Δ Aggiungere Buffer P4 e capovolgere immediatamente per mescolare bene.Lasciare riposare la provetta finché il precipitato bianco non si distribuisce uniformemente in tutta la soluzione per evitare la produzione di precipitazioni locali che potrebbero compromettere la neutralizzazione.Se non è presente un precipitato flocculante bianco uniforme prima della centrifugazione e il surnatante non è limpido dopo la centrifugazione, la provetta può esserecentrifugato per altri 5 min.
5. Aggiungere 0,1 volte il volume (10% del volume del surnatante, circa 2,2 ml) di Endotoxin Scavenger al surnatante del passaggio 4 e capovolgere per miscelare.Collocare la soluzione in un bagno di ghiaccio o inserirla nel ghiaccio tritato (o nel frigorifero/congelatore) per 5 minuti finché la soluzione non passa da torbida a limpida e trasparente (o ancoraleggermente torbido) e di tanto in tanto mescolare più volte.
Δ Dopo che l'Endotoxin Scavenger è stato aggiunto al supernatante, il supernatante diventerà torbido ma ilil surnatante dovrebbe diventare limpido (o leggermente torbido) dopo il raffreddamento nel bagno di ghiaccio.
6. Dopo che il surnatante è stato posto a temperatura ambiente (>25℃) per 10 – 15 minuti, diventerà torbido comela sua temperatura aumenta fino a raggiungere la temperatura ambiente.Quindi il surnatante dovrebbe essere invertito per miscelare.
Δ Se la temperatura ambiente è inferiore o si desidera ridurre il tempo di estrazione, il surnatante può essere incubato in un bagnomaria a 37 ~ 42 ℃ per 5 – 10 minuti e il passaggio successivo può essere eseguito dopo il surnatantediventa torbido.
7. Centrifugare il surnatante a circa 11.000 giri/min (12.000 × g) per 10 minuti a temperatura ambiente (la temperatura deve essere >25℃) per separare la fase.La fase acquosa superiore contiene il DNA mentre lo strato inferiore della fase oleosa blu contiene endotossina e altre impurità.Trasferisci ilFase acquosa contenente DNA in una nuova provetta eeliminare lo strato oleoso.

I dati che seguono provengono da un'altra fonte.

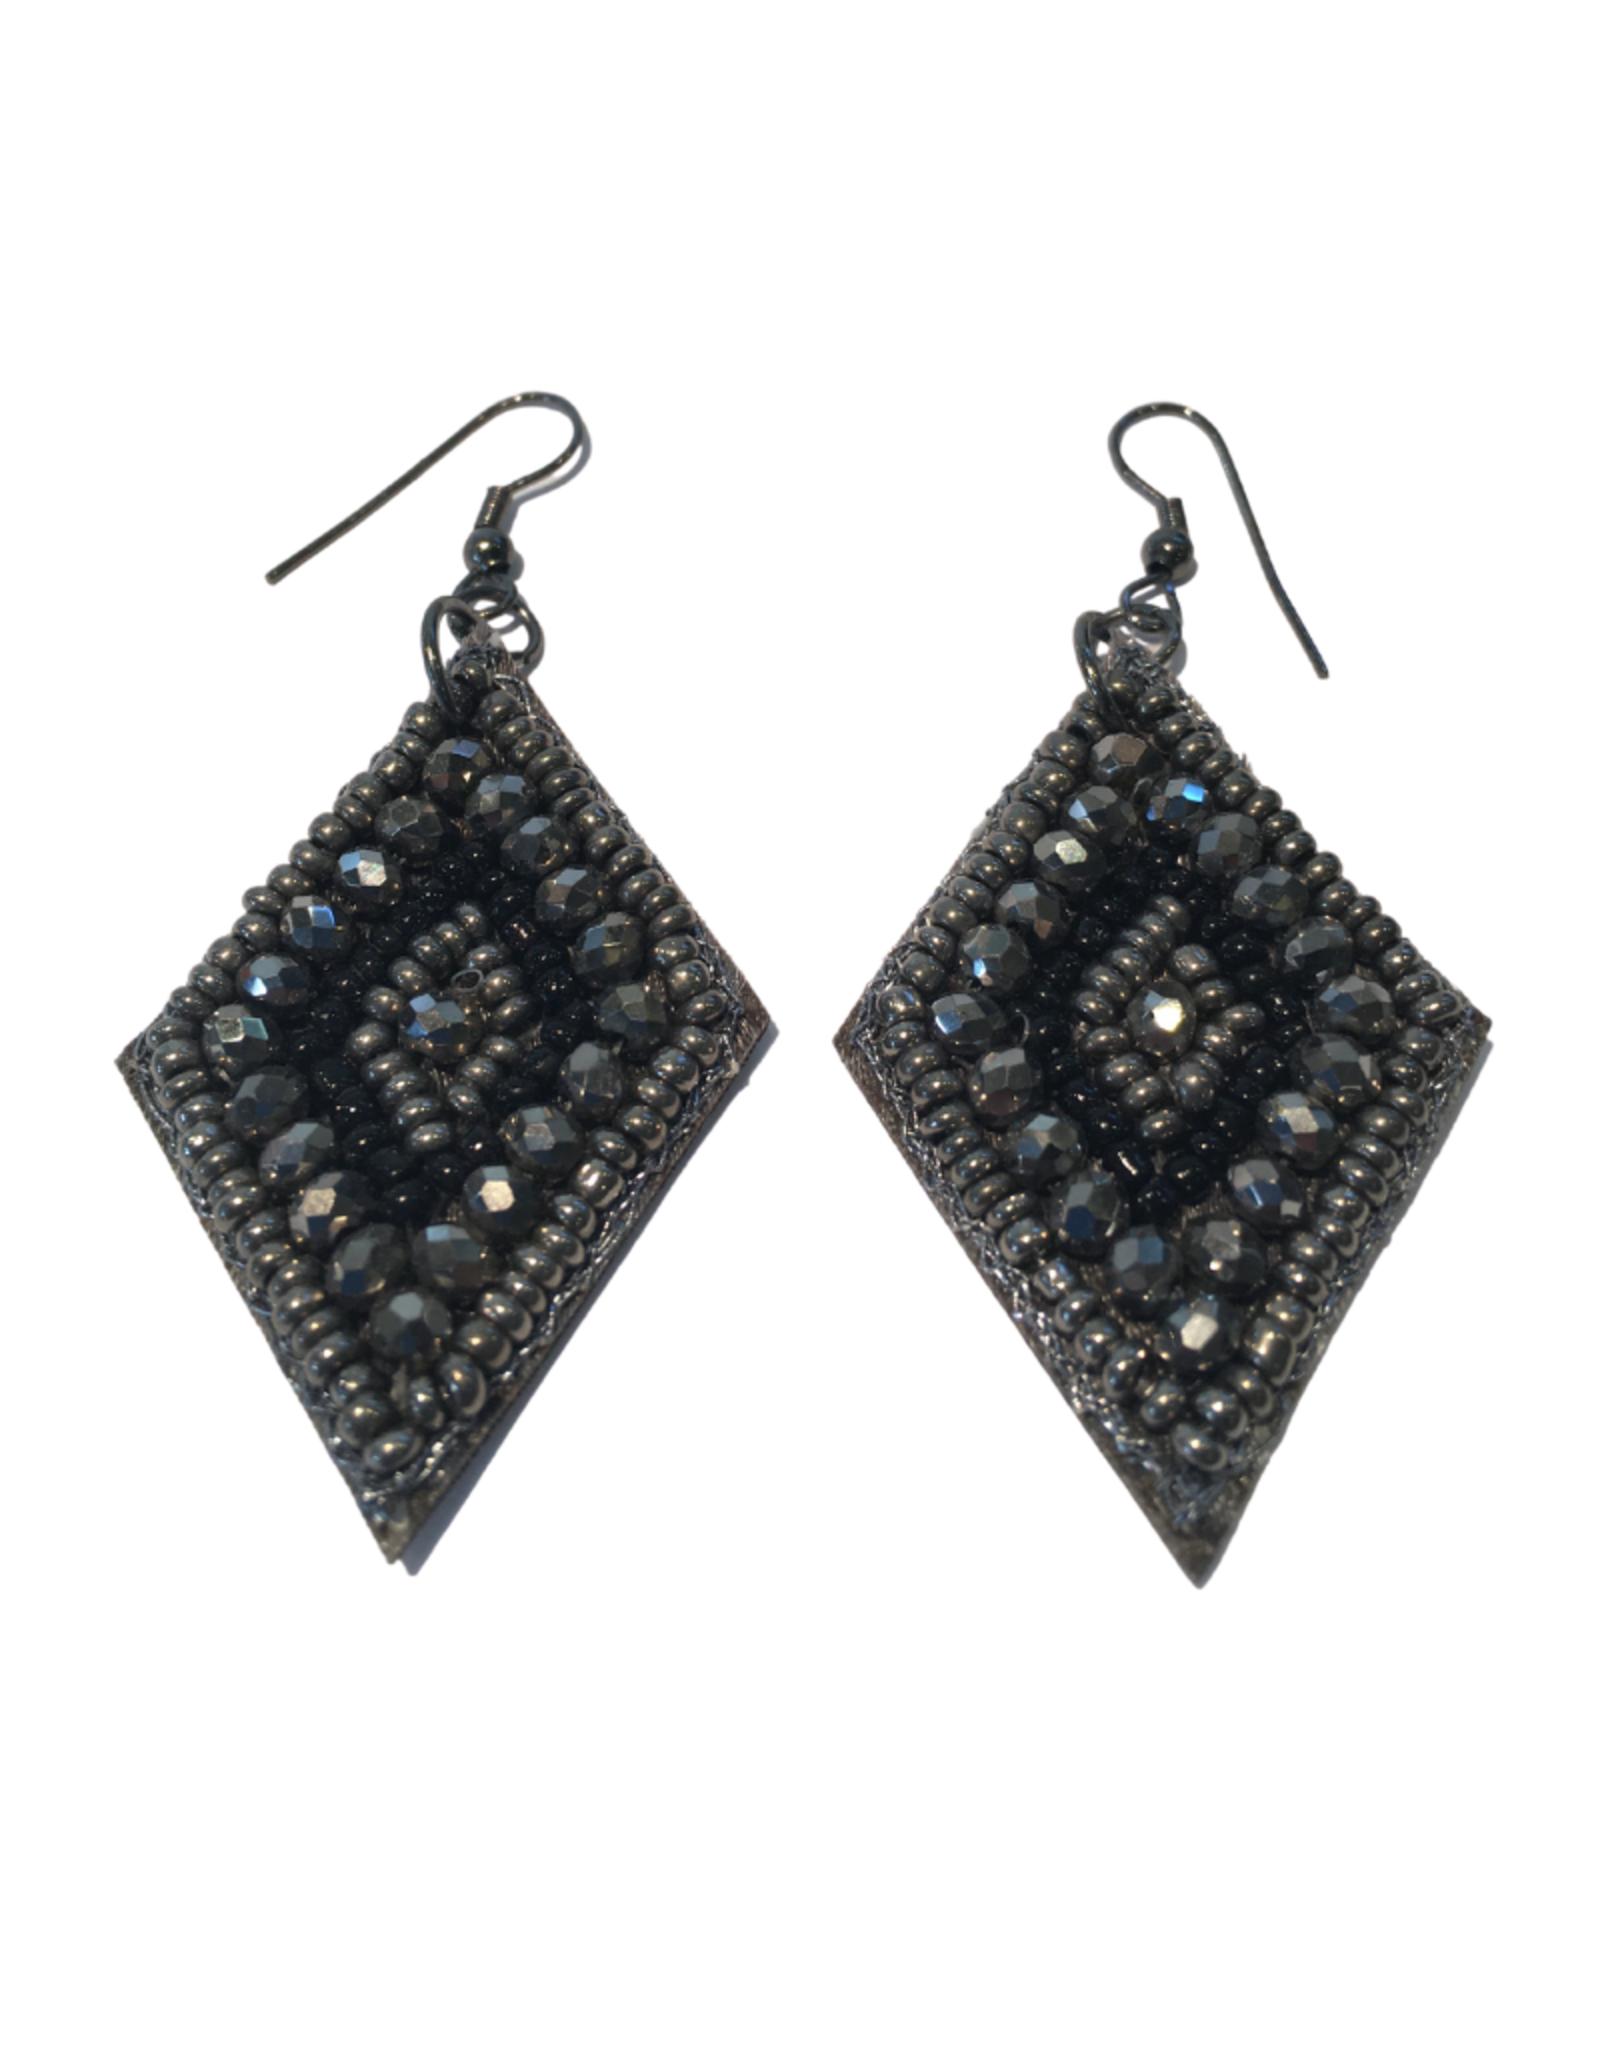 Ten Thousand Villages Black Diamond Shaped Earrings

Δ La temperatura durante la centrifugazione deve essere superiore a 25 ℃ poiché una separazione di fase efficace non lo èverificarsi se la temperatura è troppo bassa.
Δ Se la separazione di fase non è efficace, la temperatura di centrifugazione può essere regolata a 30℃ eil tempo di centrifugazione può essere aumentato a 15 min.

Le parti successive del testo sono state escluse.